For any two 1-labeled trees ST of \(G_{\mathrm {gnni}}(L)\),

$$\begin{aligned} \frac{1}{2} |{{\mathcal {P}}}(S) \Delta {{\mathcal {P}}}(T)| \le d_{\mathrm {gnni}}(S, T) < |{{\mathcal {P}}}(S) \Delta {{\mathcal {P}}}(T)|, \end{aligned}$$

where \(\Delta\) is the set symmetric difference operator.

Proof

Let S and T be two trees with n nodes over the same label set. The first inequality is derived from the following two facts:

  • \({{\mathcal {P}}}(S)\setminus {{\mathcal {P}}}(T)\) contains exactly one partition P(e) if T is obtained from S by applying a gNNI on e for each \(e \in E(S)\);

  • \(A\Delta B \subseteq (A\Delta C) \cup (C\Delta B)\) for any three sets.

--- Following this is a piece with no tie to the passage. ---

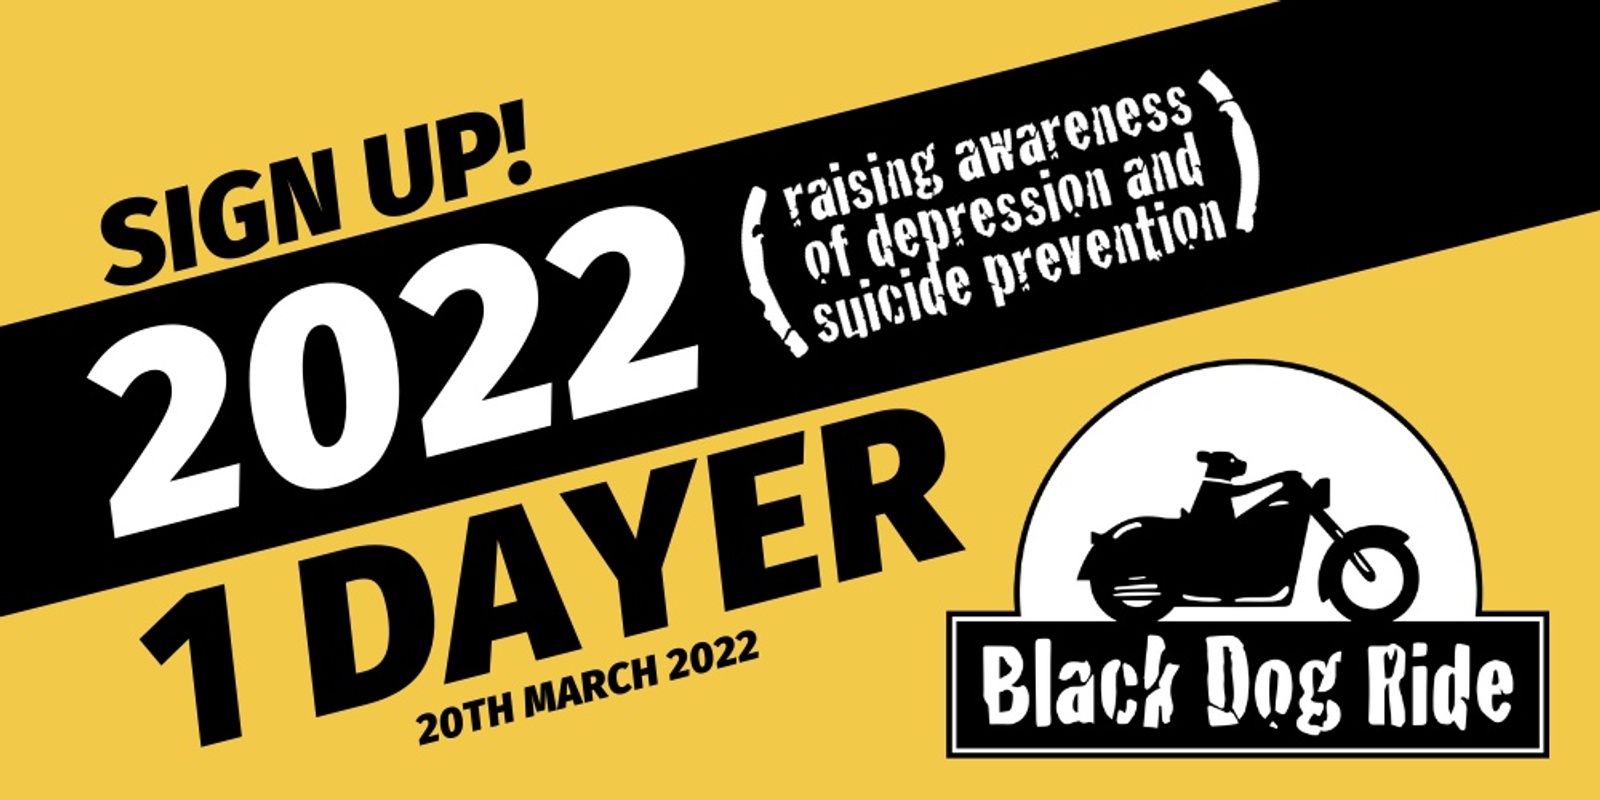 Banner image for Virtual - Black Dog Ride 1 Dayer 2022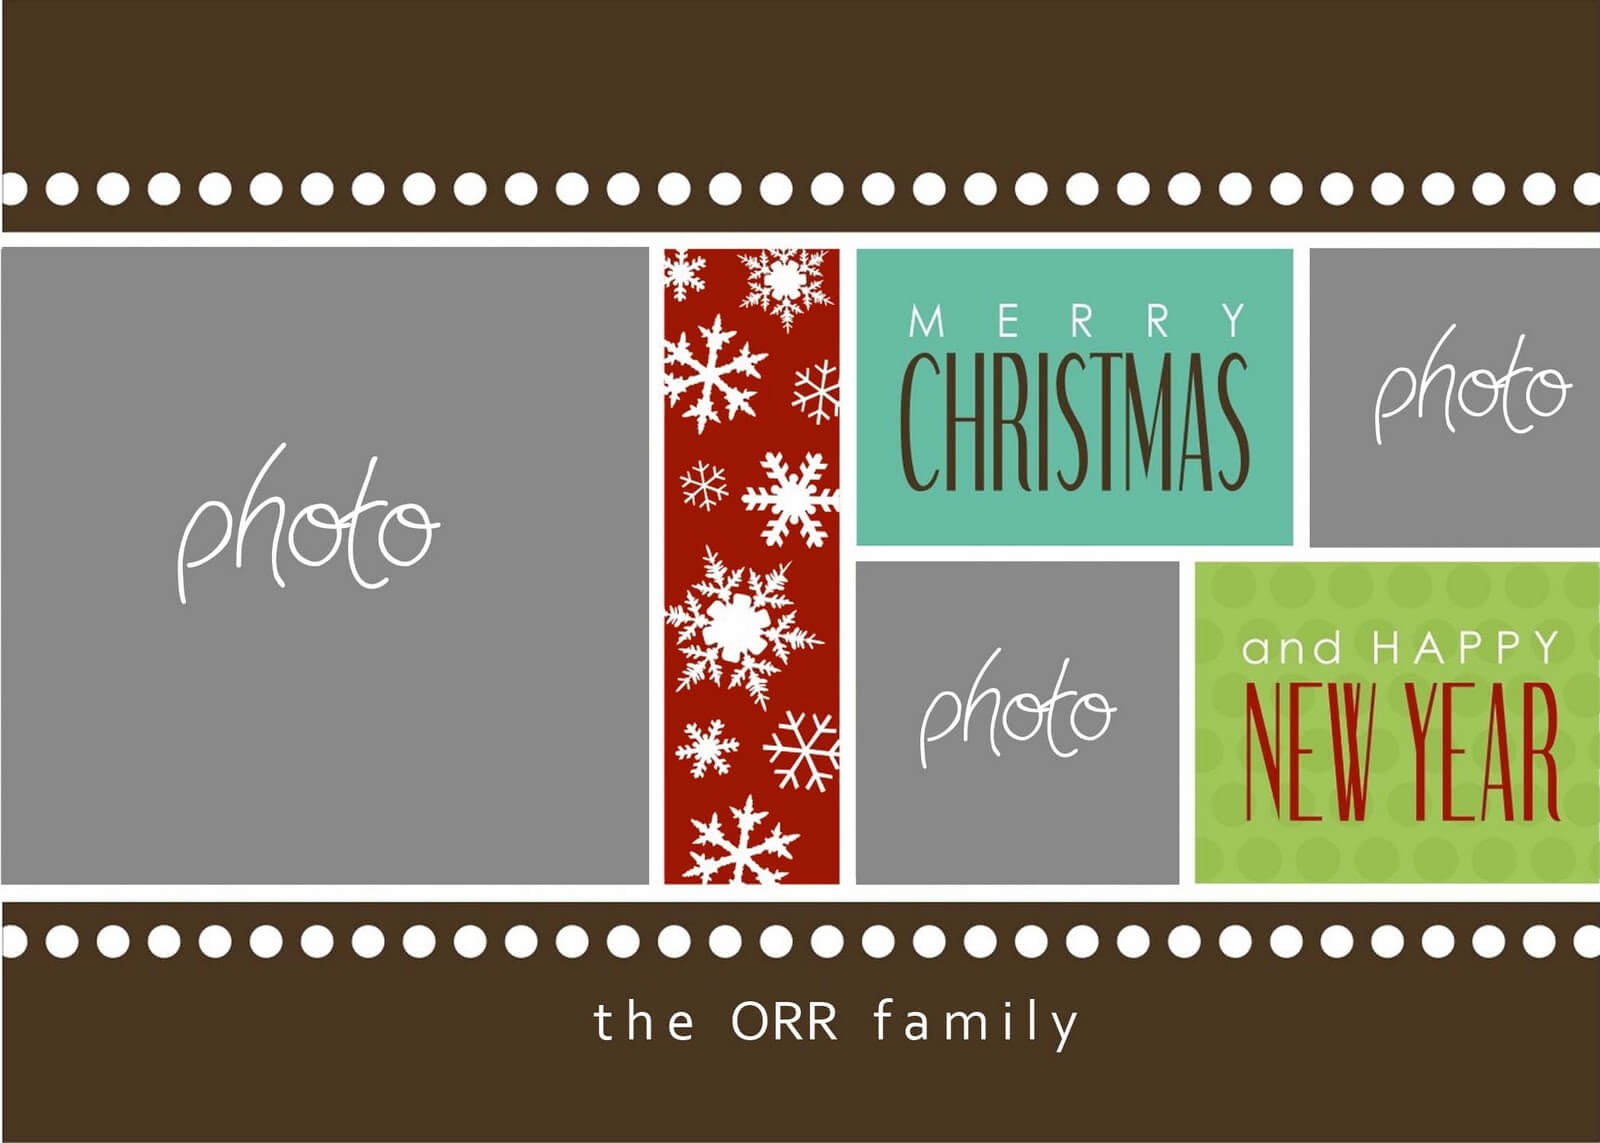 8 Free Photoshop Christmas Card Templates Images – Photoshop With Regard To Christmas Photo Card Templates Photoshop

Let \(d_{\mathrm {gnni}}(S, T)=d\). There are a sequence of 1-labeled trees

$$\begin{aligned} T=T_0, T_1, \cdots , T_{d}=S \end{aligned}$$

such that \(T_i\) can be obtained from \(T_{i-1}\) by applying a gNNI operation for \(i=1, 2, \cdots , d\). Note that only one edge-induced partition of \(T_{i-1}\) is not an edge-induced partition in \(T_{i}\) and vice versa. Since the \(T_i\)’s are 1-labeled, we have that \(|{{\mathcal {P}}}(T_{i-1})\Delta {{\mathcal {P}}}(T_i)|=2\) for each i. Since the \(\Delta\) operator satisfies the triangle inequality, we have that

$$\begin{aligned} |{{\mathcal {P}}}(T)\Delta {{\mathcal {P}}}(S)|\le \sum ^{d}_{i=1}|{{\mathcal {P}}}(T_{i-1})\Delta {{\mathcal {P}}}(T_i)|=2d \end{aligned}$$

and thus \(\frac{1}{2}|{{\mathcal {P}}}(T)\Delta {{\mathcal {P}}}(S)|\le d=d_{\mathrm {gnni}}(S, T).\)

To prove the upper bound, we let \(m=|{{\mathcal {P}}}(S) \cap {{\mathcal {P}}}(T)|\) and let

$$\begin{aligned} {{\mathcal {P}}}(S) \cap {{\mathcal {P}}} (T)=\, & {} \{P(e'_1), P(e'_2), \cdots P(e'_m)\}\\=\, & {} \{P(e''_1), P(e''_2), \cdots P(e''_m)\}, \end{aligned}$$

where \(e'_i\in E(S), e''_i\in E(T)\) such that \(P(e'_i)=P(e''_i)\) for each i. \(S - \{ e'_i | 1\le i\le m\}\) is the disjoint union of \(m+1\) subtrees \(S_j\) (\(0\le j\le m\)); similarly, \(T-\{e''_i | 1\le i\le m\}\) is the disjoint union of \(m+1\) subtrees \(T_i\) (\(0\le i\le m\)). Additionally, for each \(0\le j\le m\), a unique index k(j) exists such that \(S_j\) and \(T_{k(j)}\) contain the same number (say \(o_i\)) of nodes, where \(o_i\ge 1\). Note that

$$\begin{aligned} |{{\mathcal {P}}}(S) \Delta {{\mathcal {P}}}(T)|+2m=|E(S)|+|E(T)|=2n-2. \end{aligned}$$
(1)

There are three possible cases for each pair of subtrees \(S_j\) and \(T_{k(j)}\). First, if \(o_j=1\), we do not need to do any local adjustments of \(S_j\) to transform S to T.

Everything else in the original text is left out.